Ни следа от тех древностей. И от пятиглавого собора Рождества Христова, в нашем еще веке возвышавшегося, — ни камушка. А собором, видным далеко снизу, с Десны, любовались — «нарышкинское барокко». И от кирпичных монастырских стен с башнями и бойницами не осталось почти ничего.
Не беден был монастырь, владевший деревнями, всяческими угодьями, полями, лугами, занимавшийся даже винокурением. Это в его саду вырастили дули, получившие золотую медаль на парижской выставке. Теперь в монастыре приют умалишенных — психодиспансер или больница, не помню. Ощущение тоски и неуюта усиливала погода начала ноября — выпавший снежок таял в грязных разводах.

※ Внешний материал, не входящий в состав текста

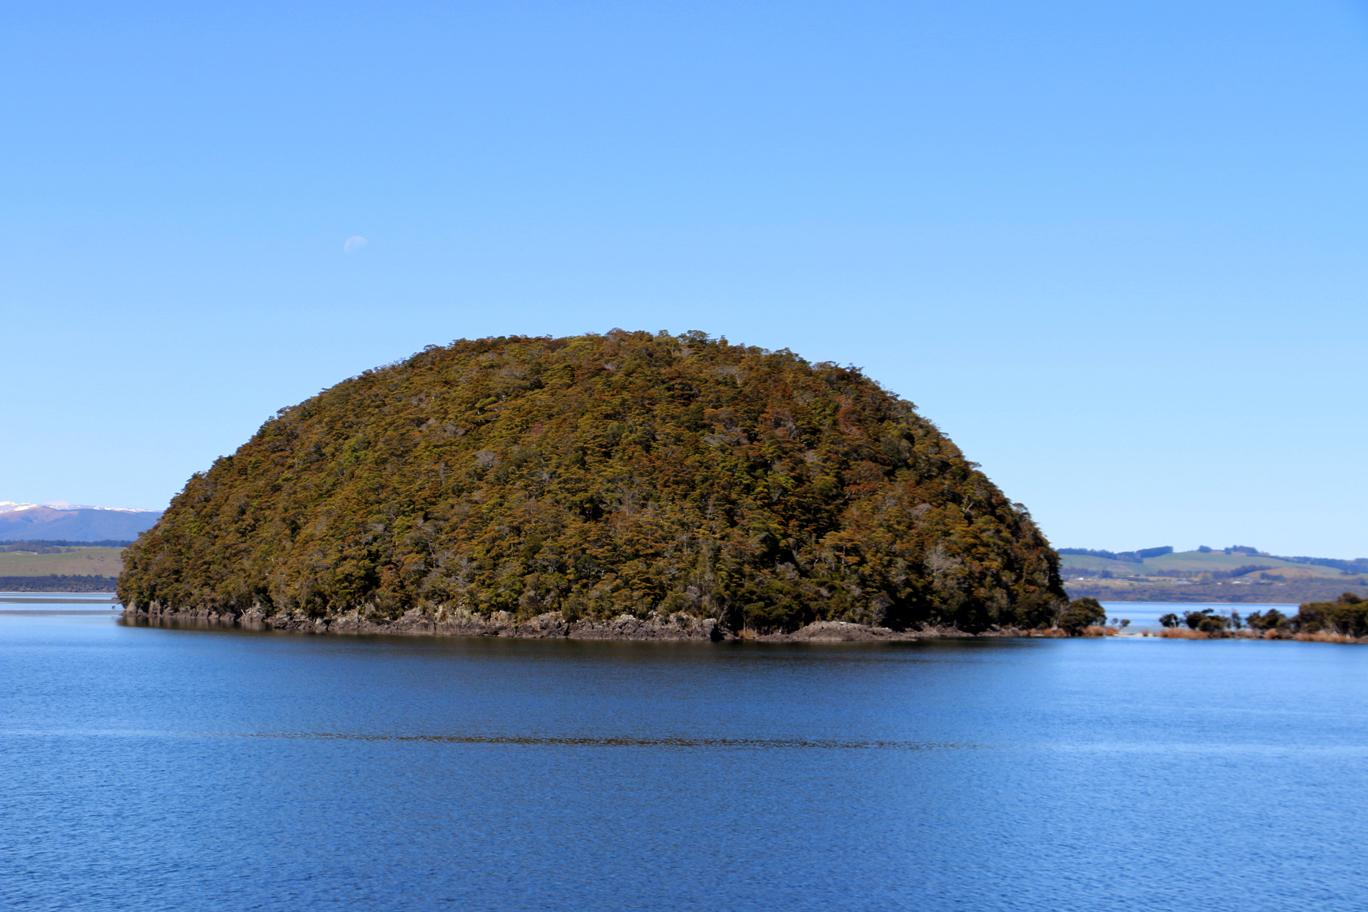 Une tortue géante en forme d'île (ou l'inverse).

И несколько потерянно одиноких фигур качнувшихся в нашу сторону больных на убогом подворье с уцелевшей трапезной. Мы прошли через монастырь и, растянувшись вдоль раскисшей, отороченной снежной прерывистой белизной колеи, двинулись туда, где перед нами открылись могучие, поросшие травой холмы — курганы. Вел нас знаток — археолог, раскопавший в окрестностях чуть не две сотни курганов, старый музейщик, бывший режиссер гремевшего в Трубчевске до войны народного театра — восьмидесятипятилетний Василий Андреевич Падин. Споря с Всеволодом Левенком, исследовавшим кветунский могильник еще до войны и утверждавшим, что «Трубчевск возник там, где… стоит и ныне», Падин упорно доказывал, что вначале городище было в Кветуни, на неприступном крутом меловом мысу над Десной. Да и тысячелетний возраст Трубчевска официально утверждался падинскими стараниями.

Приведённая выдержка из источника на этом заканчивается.